Our Power of School Choice

January 29, 2024 3:25 pm

Our Power of School Choice, from a Mom Paying it Forward

By Geomarie Ramos

 

If you go back just a few generations, you’ll find that the concept of “school choice” was vastly different than today. Parents had limited choices for their children’s education—the local public school, nearby private school, or a home-school model riddled with the challenges of a non-tech world and a society defined by both parents working full-time jobs. Even among these few choices, the preferred option may have been passed up due to financial, geographical, or convenience factors.

 

How different things are today! Every National School Choice Week (this year January 21-27), millions celebrate, build awareness for, and inspire parents to exercise their right to select the very best educational journey for their children. Today, our choices open a world of possibilities through public, private, magnet, charter, cyber charter, online, home, and nontraditional options. Our choices collectively demonstrate there is no such thing as one-size-fits-all education and provide parents with a pathway to learning—whether their child is academically advanced, has a learning disability or physical or emotional challenges, or experiences an issue that makes learning in one environment or another unproductive.

 

Harnessing the power of school choice requires parents to actively learn about the different types of schools and educational options open to us. Then, we must look closely at our children, consider what we’ve learned, and ask ourselves, “Would their lives be enriched by a different course of education?” Or “Is their current educational environment harming them?” This process of building hope into education is what School Choice Week has been supporting for the past fourteen years.

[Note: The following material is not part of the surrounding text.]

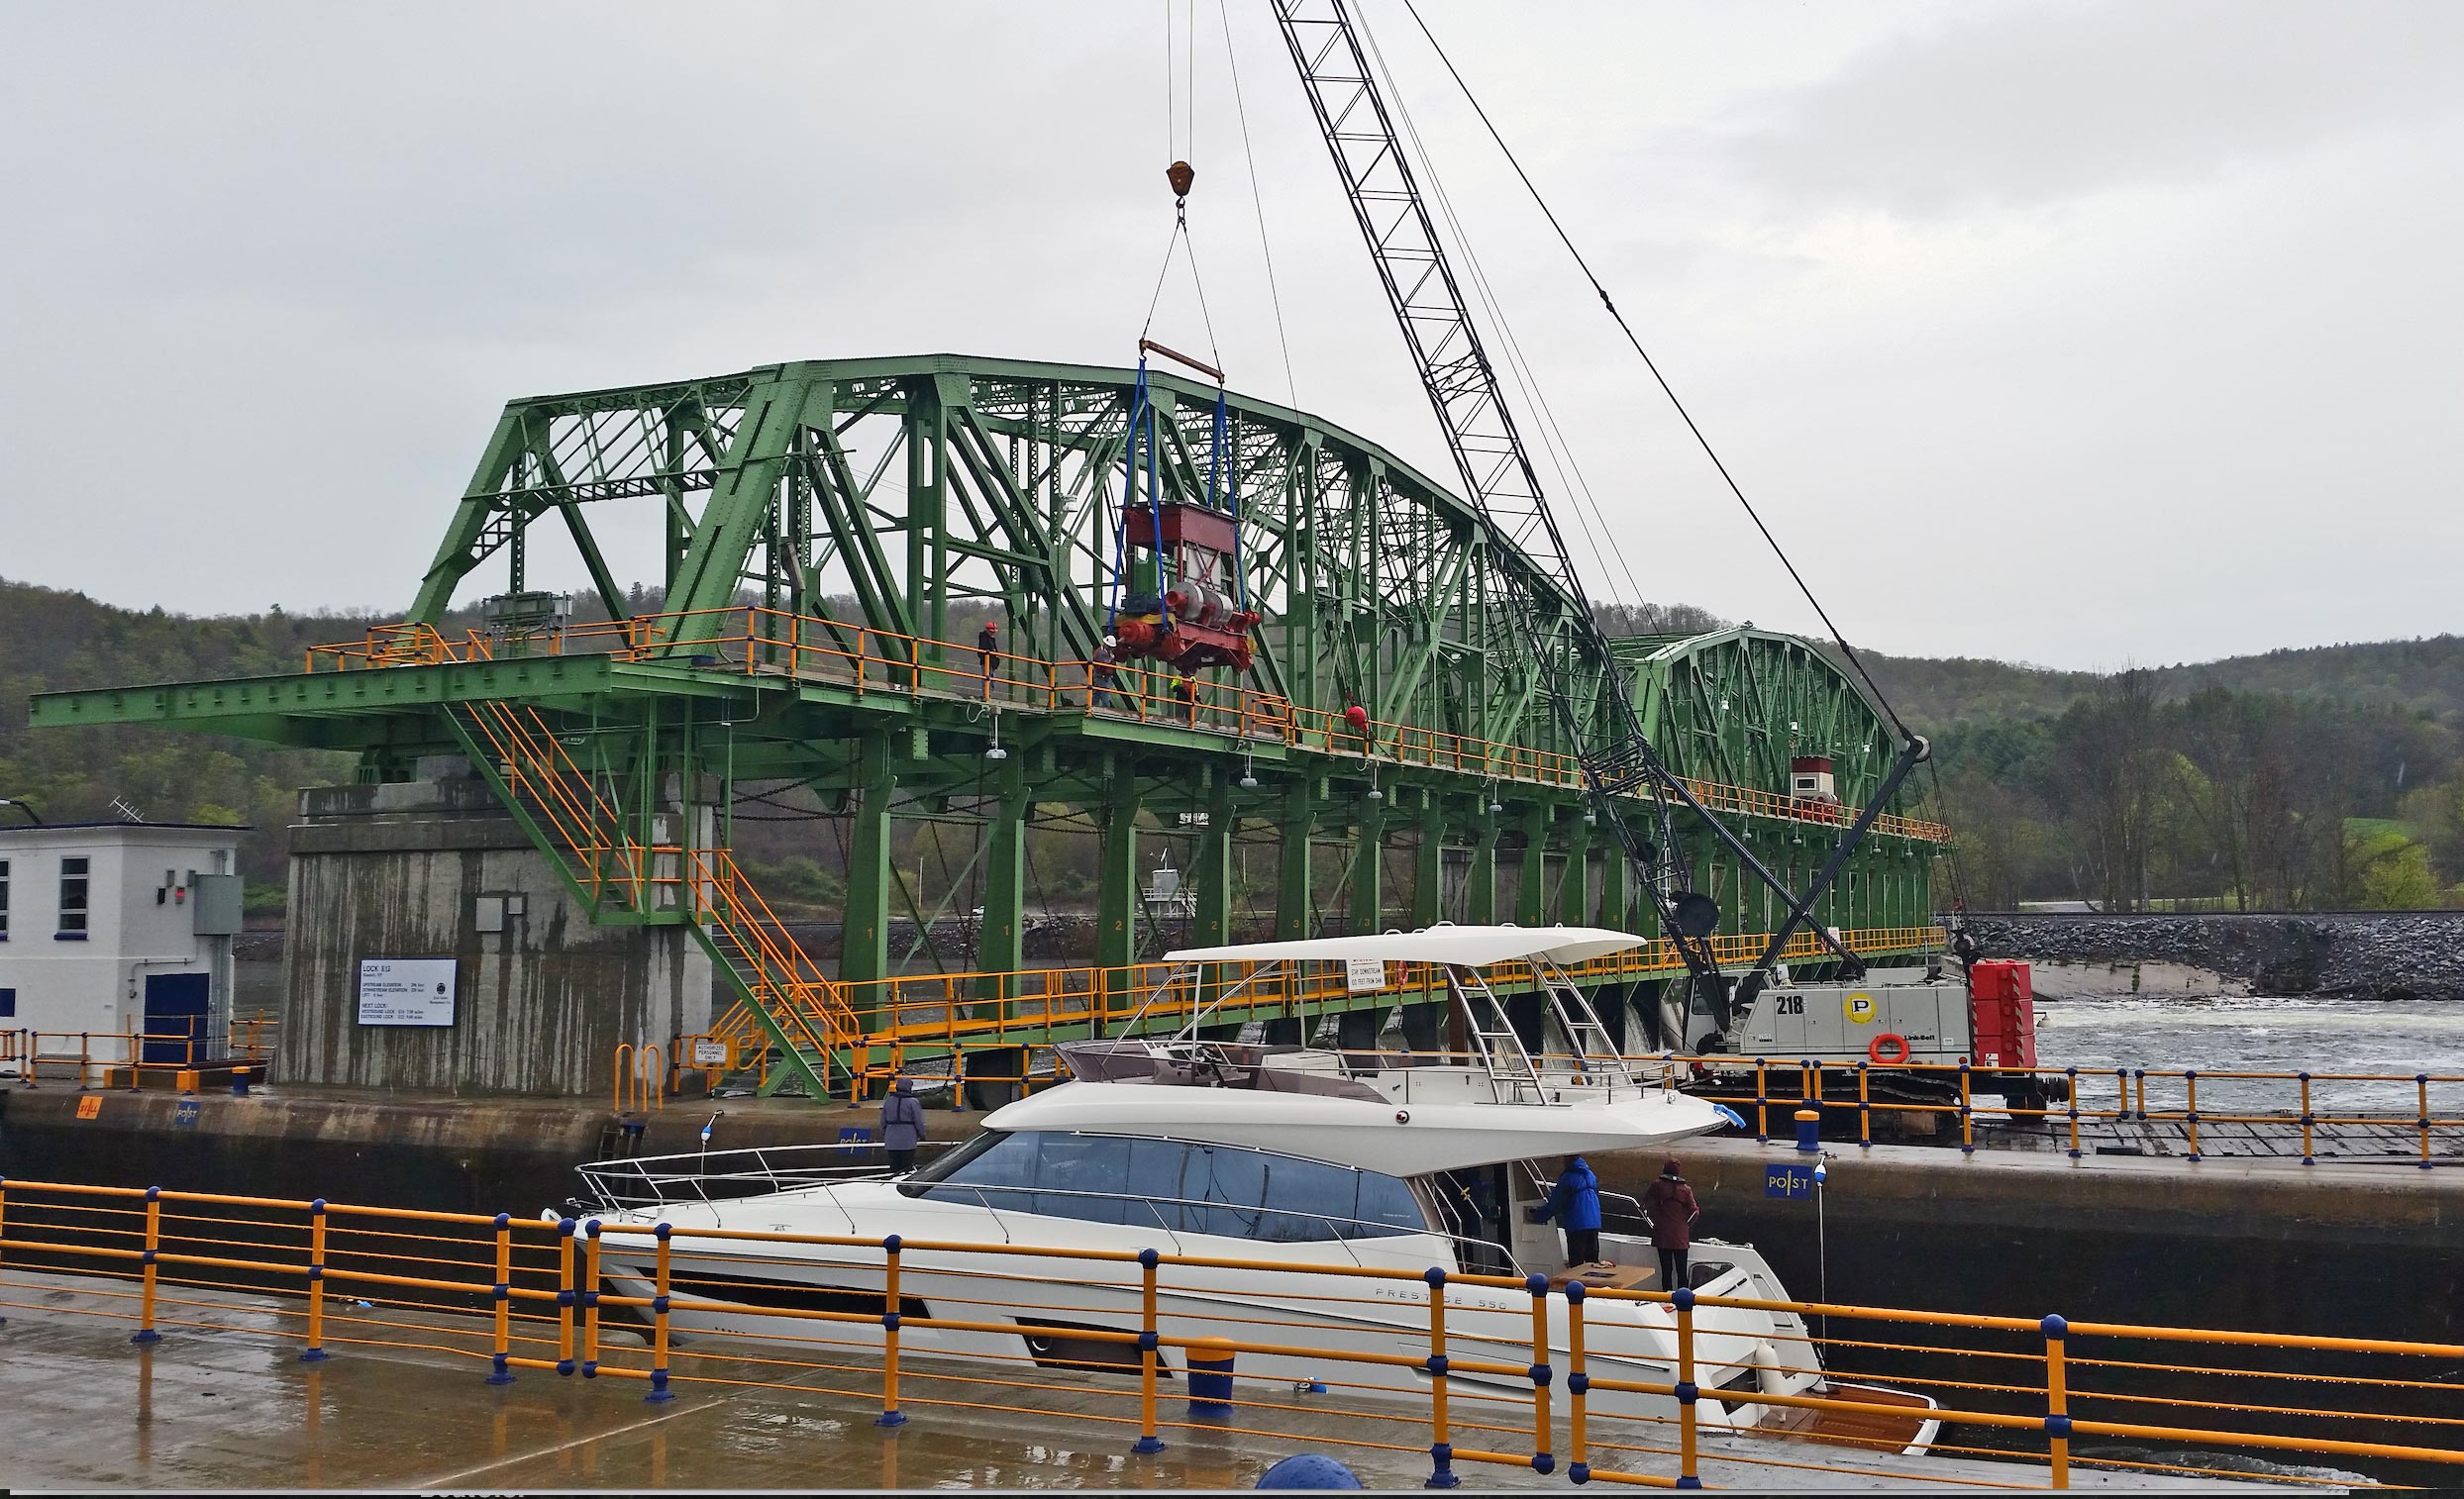 Photo Caption: The enactment of a federal bill supporting water infrastructure improvements will also benefit boat owners, says BoatUS (credit NYS Canal Corporation)

(Photo Credit: Impressions by Jess Luna)

I am a proof of the criticality and power of school choice. If my mother hadn’t agreed to send me to Agora Cyber Charter School in 10th grade, I would be a high school dropout. Instead, I am an Agora graduate, a Penn State University graduate with a B.S. in psychology with a minor in rehabilitation and human services, am working on my master’s in clinical mental health counseling and I want to attend law school to eventually impact mental healthcare. And I’m a proud mother whose daughter is currently doing very well at our local brick-and-mortar public elementary school.

 

Moving from Jersey City to Allentown as an 8th grader was anxiety laden enough. I spent two years of public schooling constantly having to fight to learn—defending myself against kids doing typical “bad student things” on a much greater scale than I ever imagined was possible, and teachers who advised me to just let it go. The disruptions to my learning became too much to bear. My family weighed our choices and Agora rose to the top. It was a life-changing move focused on what I really cared about—learning.

 

Agora supported me beyond expectations, academically and socially. This was not like online district classes that leave you on your own. I had a Family Coach, teachers readily accessible to answer questions, and a counselor invested in helping me figure out what I wanted as a student and in a career, then making sure my academics supported it. I had access to classes like anthropology that filled my thirst for learning. I was nurtured to increase my responsibility, starting as a synchronous learner before advancing to asynchronous. The flexibility in scheduling allowed me to have a job to help support myself and my family financially. When I graduated in 2015, I was incredibly prepared for college.

 

Clearly Agora was for me. Parents and children do not have to settle for the drama and chaos that can come with a brick-and-mortar environment. Surround your children with positive people and experiences and you will have positive outcomes.

 

However, I also stress the importance of understanding your choices and making the right one for your child’s education. My mother made the best choice for me, and I’m paying it forward for my daughter. As empowering as Agora has been for me, the right choice for her today is public brick-and-mortar elementary school. As School Choice Week tells us, “When parents have educational freedom, great things happen.” They are happening for me. They will happen for my daughter. They can happen for your family, too—when you understand and exercise your ability to choose.